MRE can be used as a non-invasive pre-clinical imaging tool to assess the viscoelastic properties of deep-seated tumours arising within the abdomen of mice in vivo. Pancreatic tumours are markedly stiff, whilst neuroblastomas exhibit more heterogeneity in their biomechanical properties and are relatively soft.

Acknowledgements

We acknowledge the CRUK and EPSRC support to the Cancer Imaging Centre at ICR in association with MRC and Department of Health C1060/A16464 and NHS funding to the NIHR Biomedicine Research Centre, an EPSRC summer vacation studentship and a Paul O’Gorman Postdoctoral Fellowship funded by Children with Cancer UK.

References

1. Paszek MJ, Zahir N, Johnson KR et al. Tensional homeostasis and the malignant phenotype. Cancer Cell. 2005; 8: 241-254.

2. Cox TR, Erler JT. Remodeling and homeostasis of the extracellular matrix: implications for fibrotic diseases and cancer. Dis Model Mech. 2011; 4: 165-178.

3. Li J, Jamin Y, Cummings C et al. Assessment of therapy-induced tumour necrosis with magnetic resonance elastography. In International Tissue Elasticity Conference. Deauxville: 2012.

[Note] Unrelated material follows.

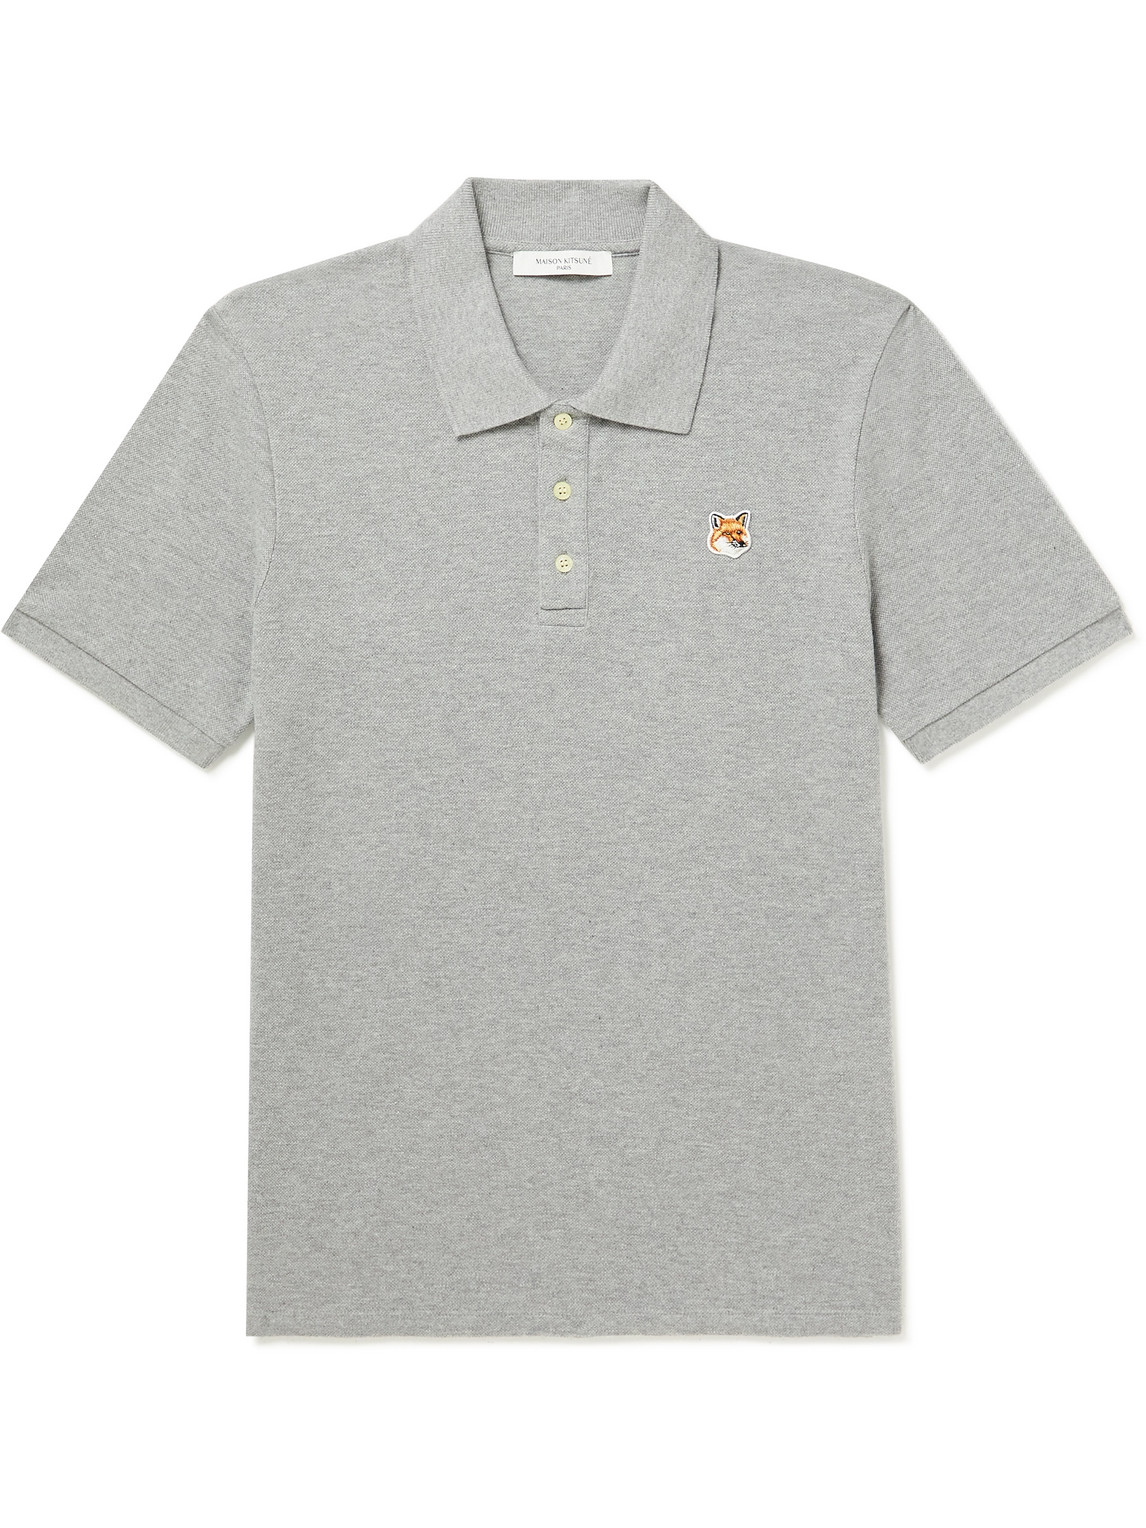 Maison Kitsuné - Logo-Appliquéd Cotton-Piqué Polo Shirt - Men - Gray - XS von Maison Kitsuné

4. Jamin Y, Boult JK, Li J et al. Exploring the biomechanical properties of brain malignancies and their pathologic determinants in vivo with magnetic resonance elastography. Cancer Res. 2015; 75: 1216-1224.

5. Weiss WA, Aldape KD, Mohapatra G et al. Targeted expression of MYCN causes neuroblastoma in transgenic mice. EMBO Journal. 1997; 1611: 2985-2995.

6. Neesse A, Michl P, Frese KK et al. Stromal biology and therapy in pancreatic cancer. Gut. 2011; 60: 861-868.

7. Lam W, Cao L, Umesh V et al. Extracellular matrix rigidity modulates neuroblastoma cell differentiation and N-myc expression. Molecular Cancer. 2010; 9: 35.

8. Jamin Y, Tucker ER, Poon ES et al. Evaluation of clinically translatable magnetic resonance imaging biomarkers of therapeutic response in the TH-MYCN transgenic mouse model of neuroblastoma. Radiology. 2013; 266: 130-140.

Figures

Figure 1. T2-weighted images and associated parametric maps of total amplitude Atot, elasticity Gd and viscosity Gl obtained from (A) an orthotopic PDAC xenograft and (B) a neuroblastoma arising in a Th-MYCN transgenic mouse respectively. The arrows indicate a small hypo-intense region in the T2-weighted image associated with the typically displaced aorta, and is associated with reduced Gd and elevated Gl.